▶ _Given material_
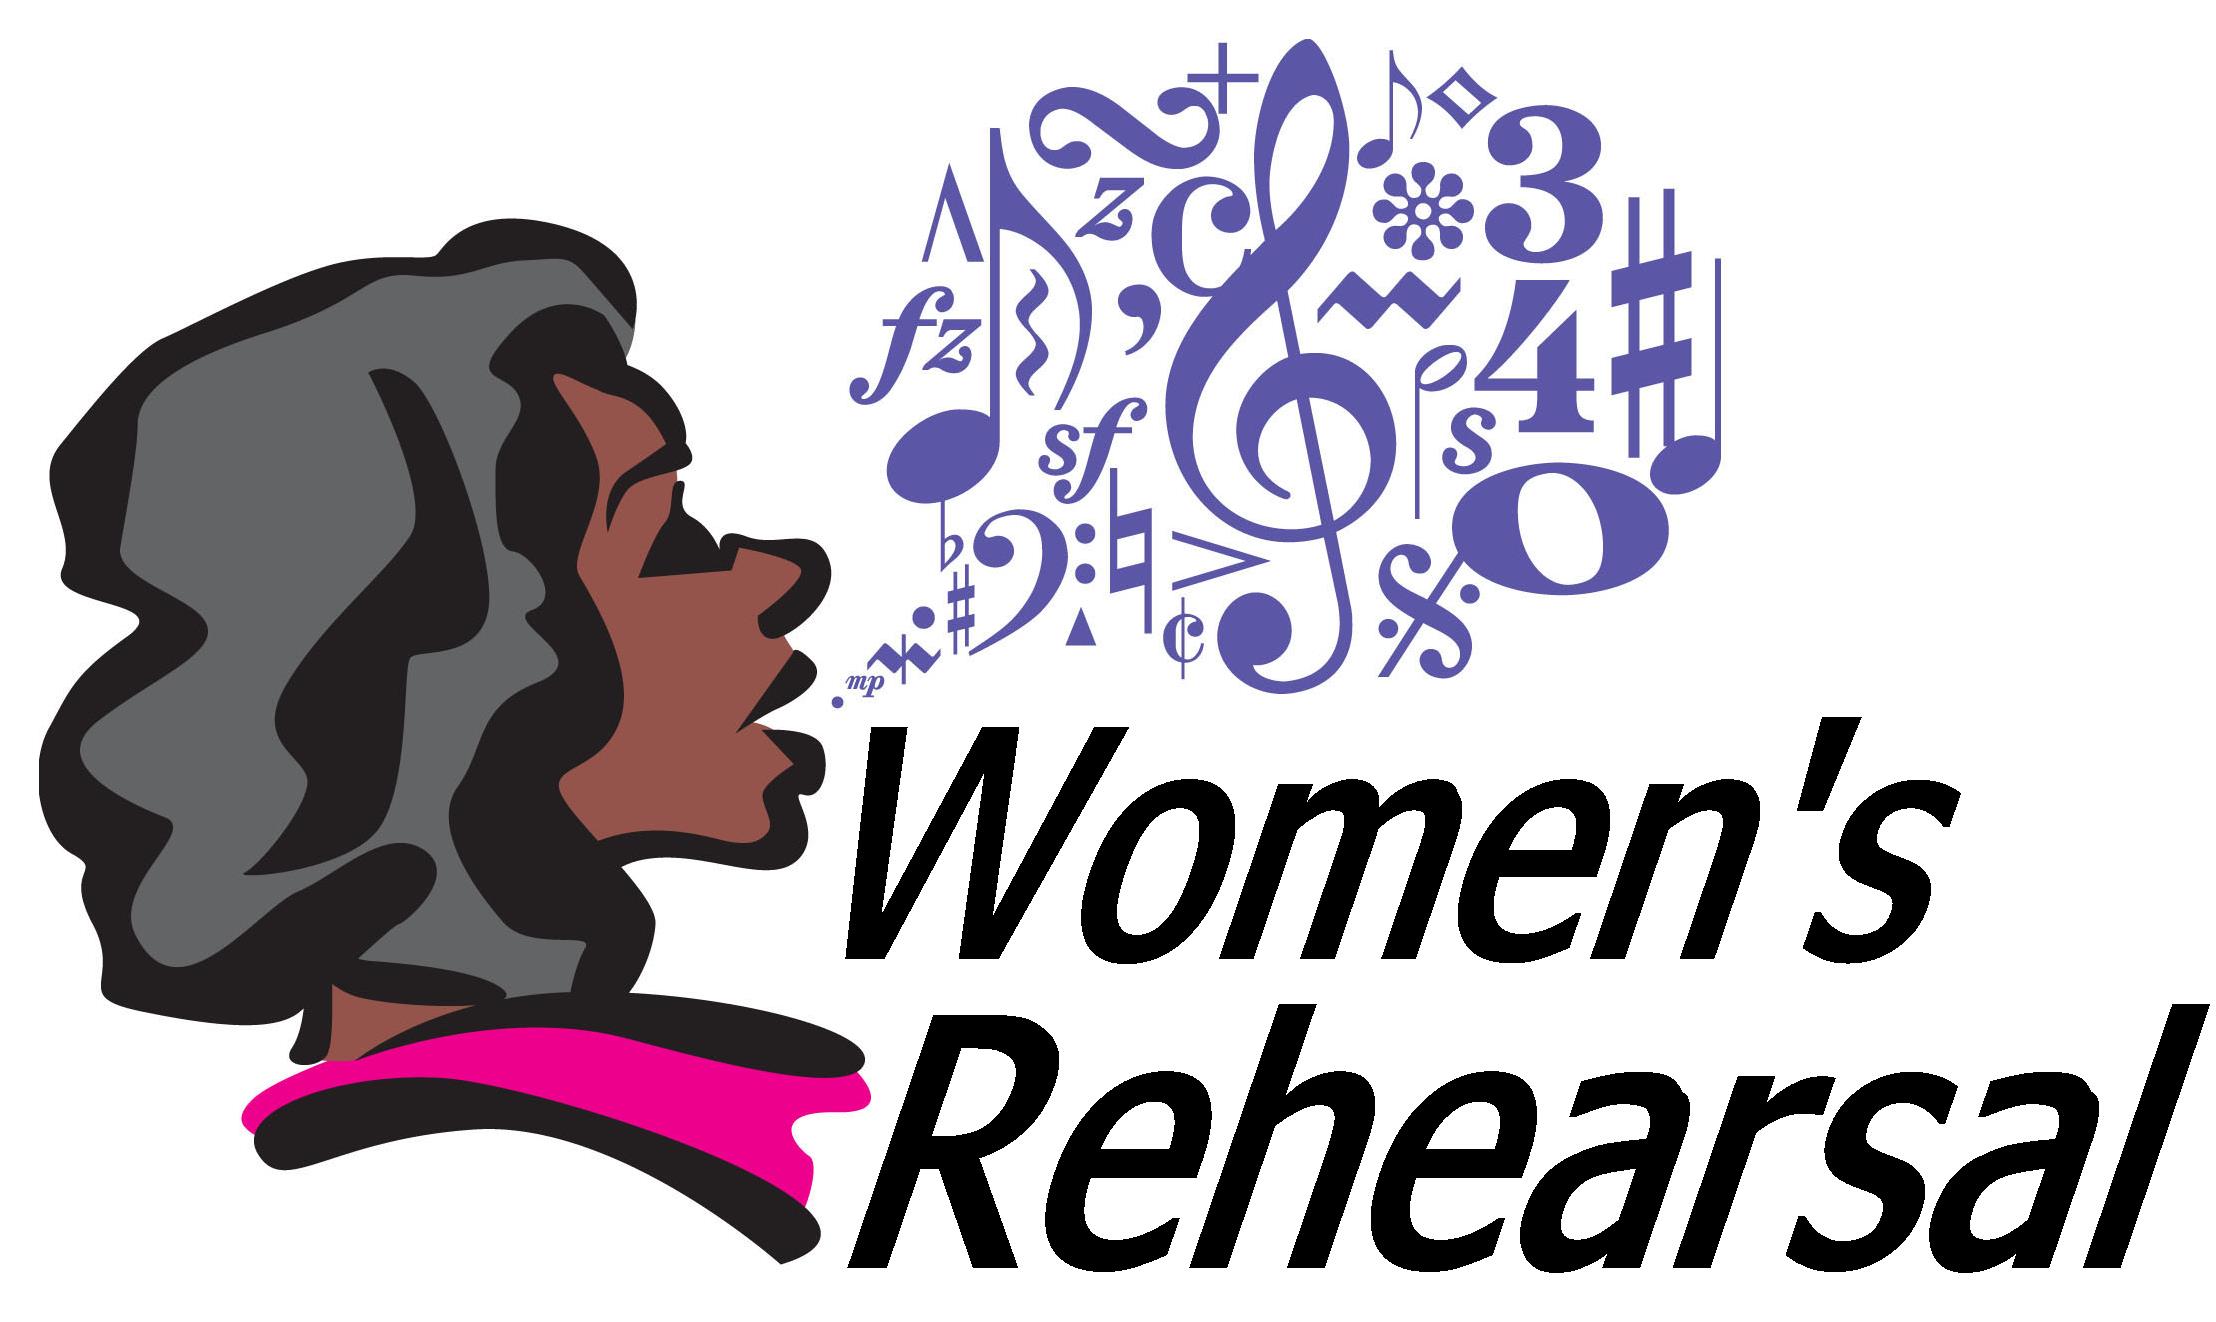 choir clipart women's
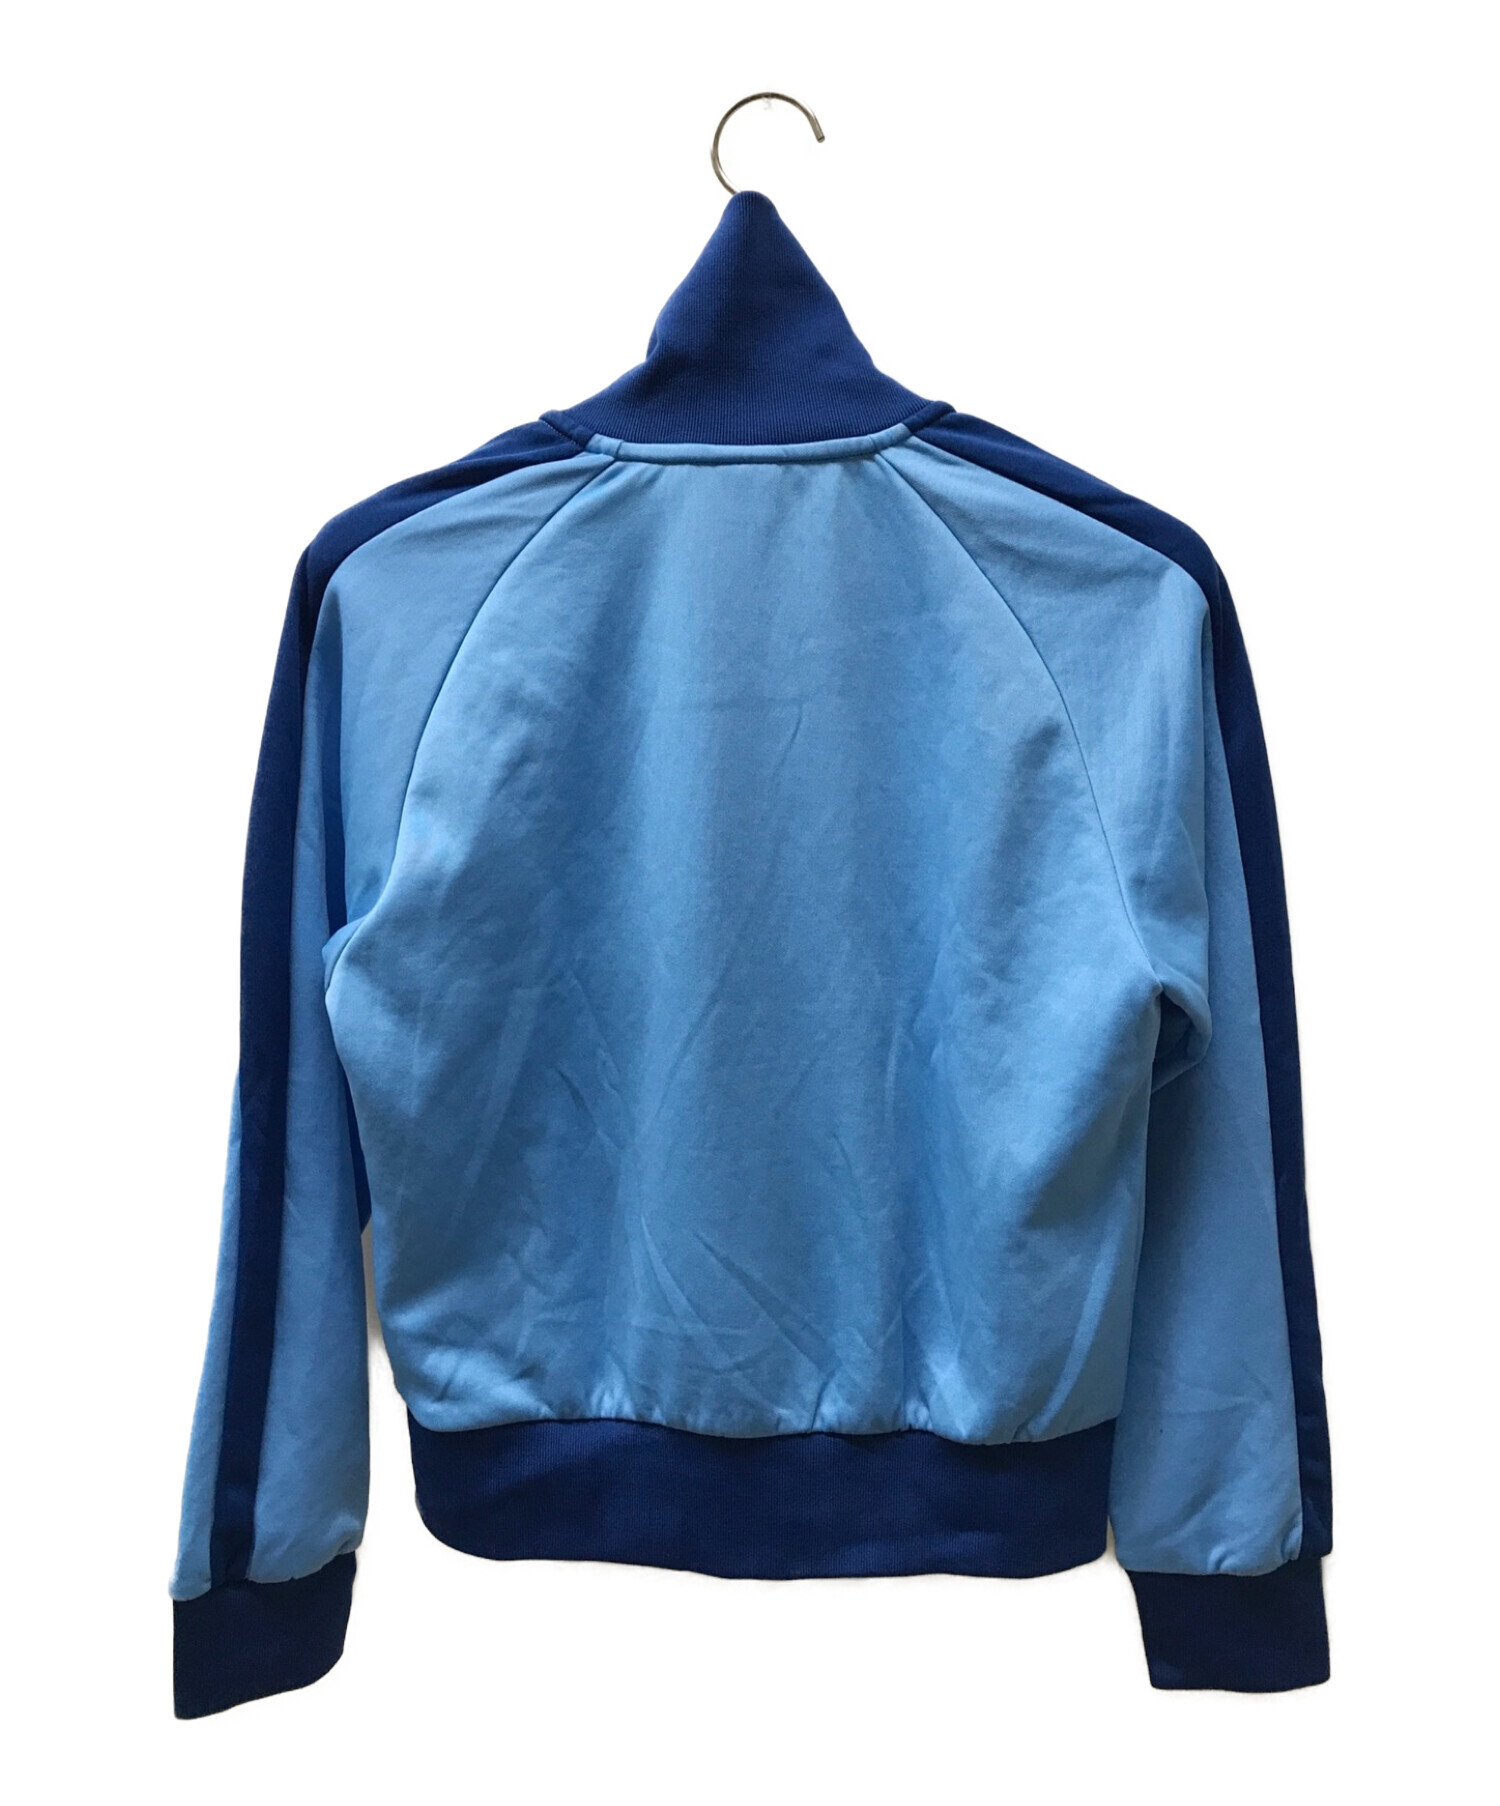 PUMA (プーマ) RAY BEAMS (レイ ビームス) T7トラックジャケット ブルー サイズ:S
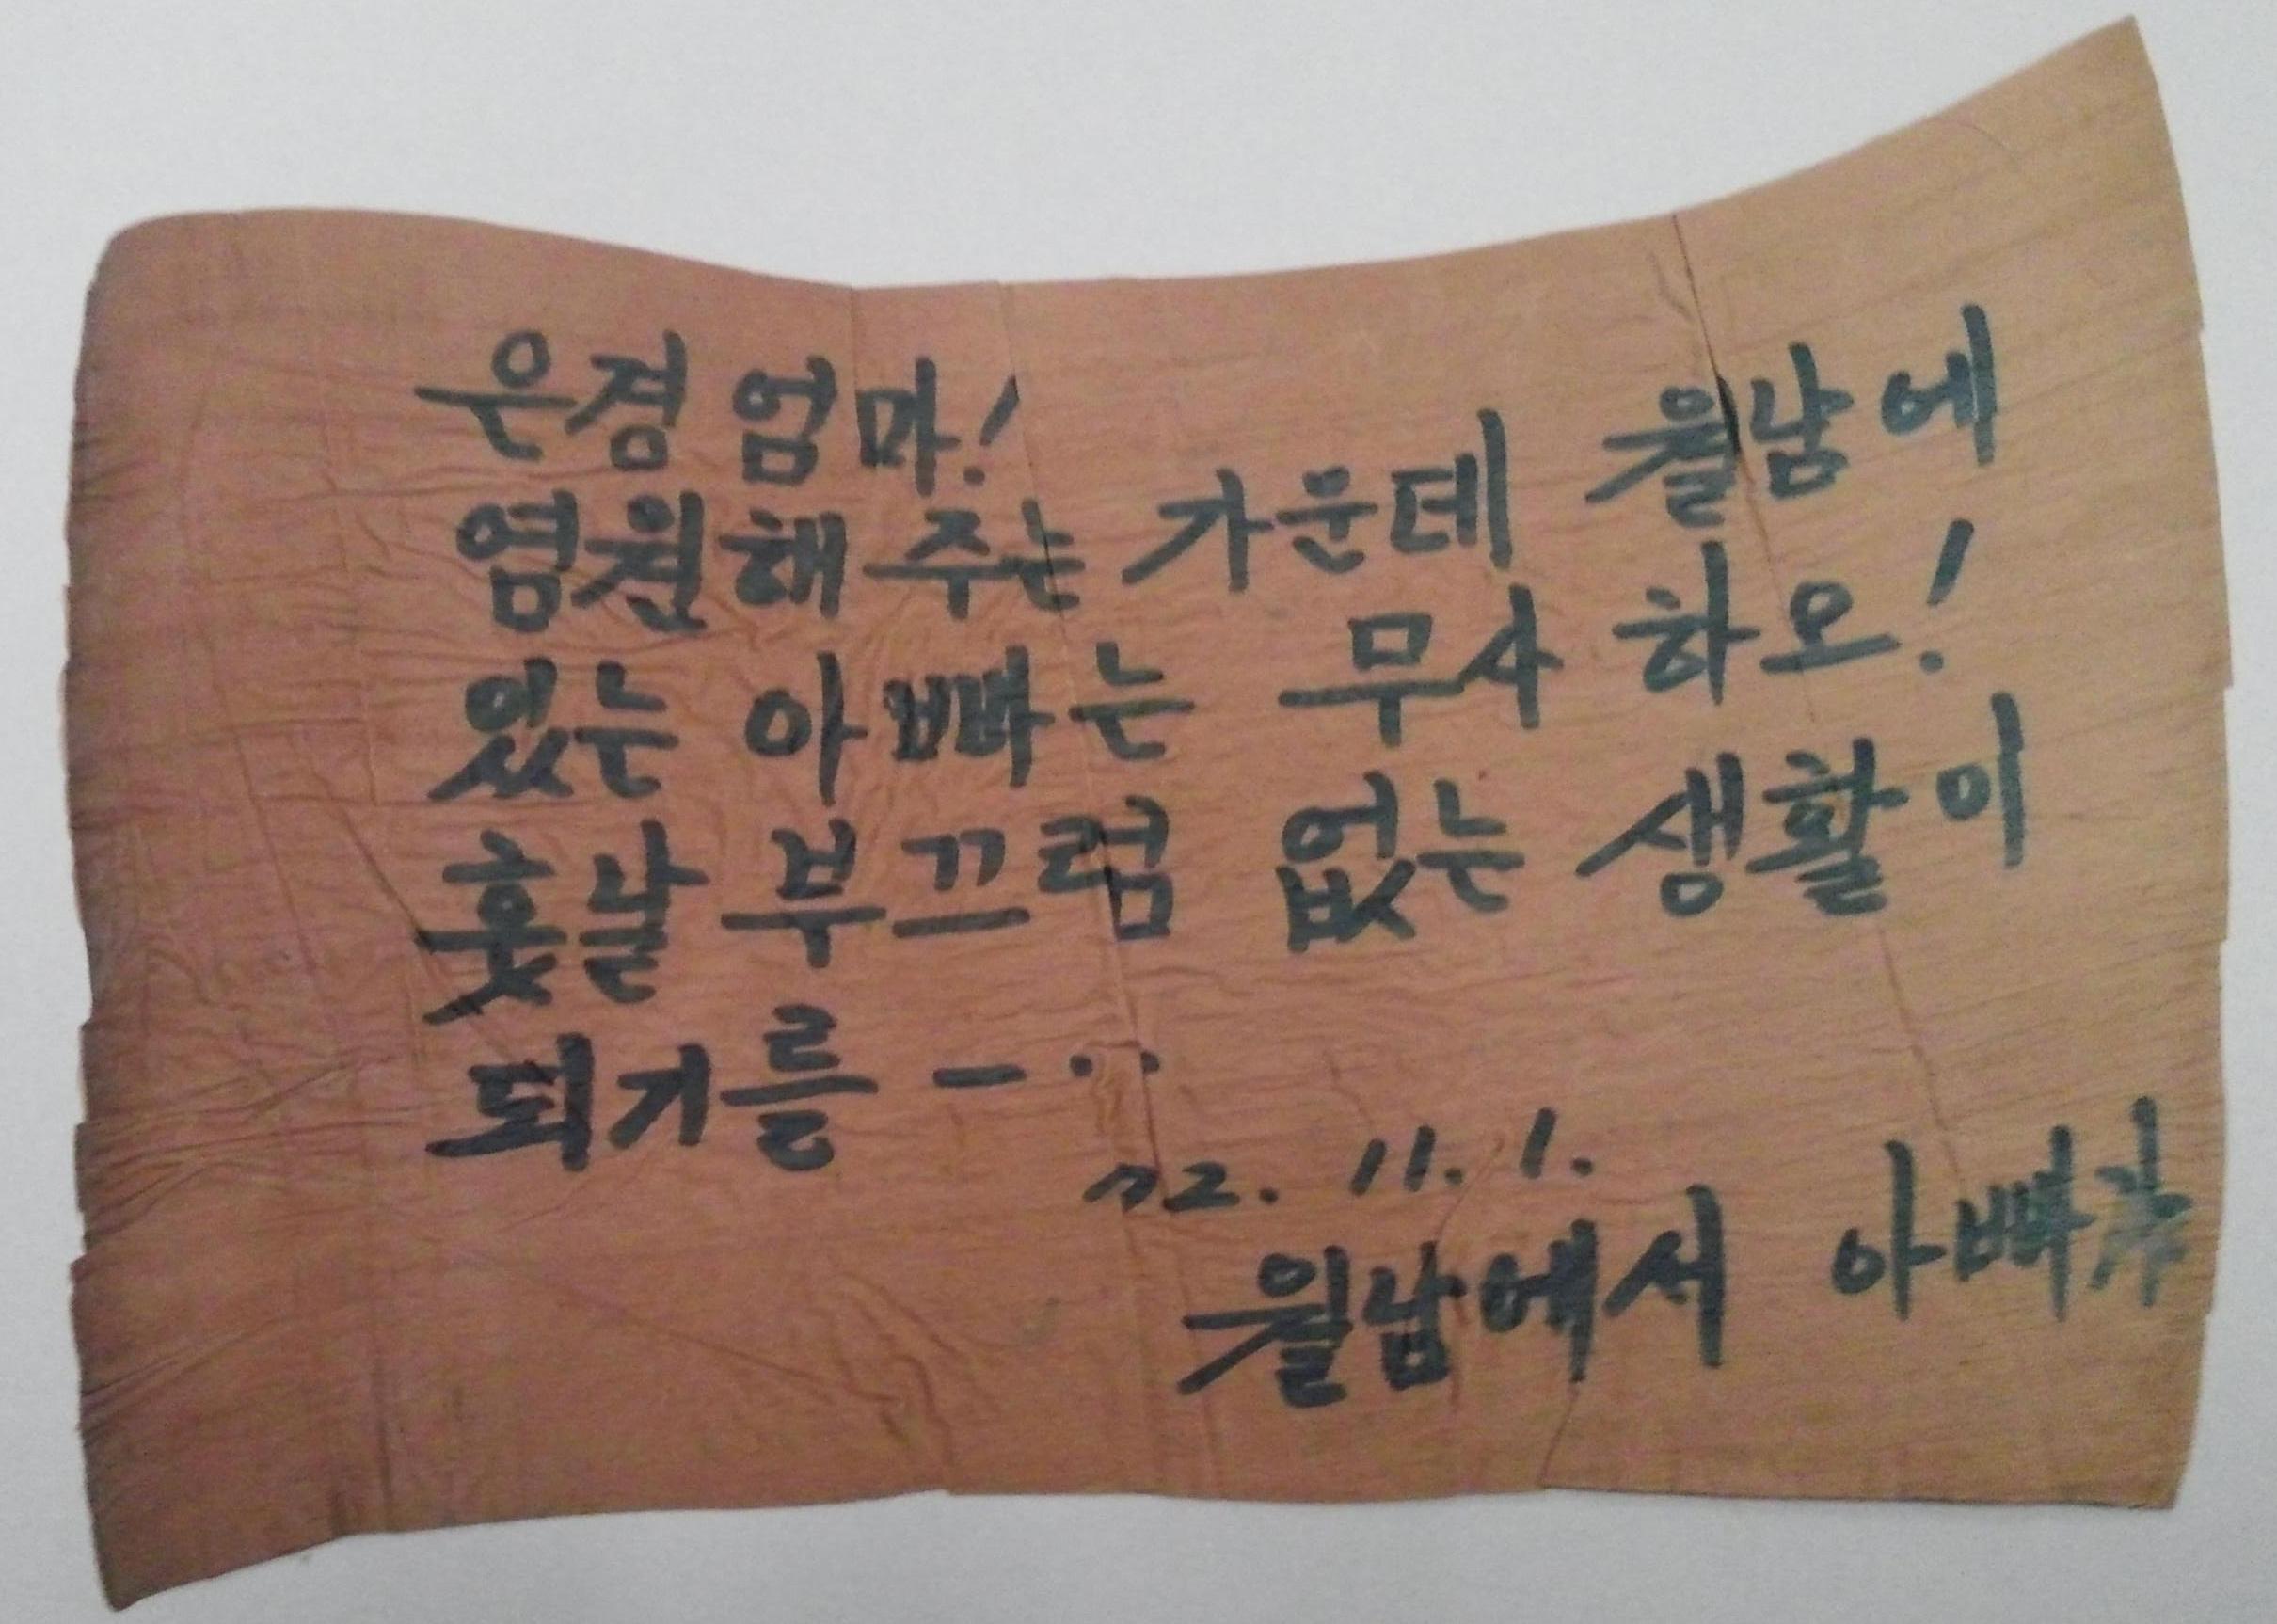 월남 파병 군인 정영환이 가족에게 보낸 바나나 잎 편지2

▶ _About this task_
In the reply, every line of the material above is to be reproduced verbatim, and the images are to be left out.

▶ _Answer area_
 choir clipart women's
 PUMA (プーマ) RAY BEAMS (レイ ビームス) T7トラックジャケット ブルー サイズ:S
 월남 파병 군인 정영환이 가족에게 보낸 바나나 잎 편지2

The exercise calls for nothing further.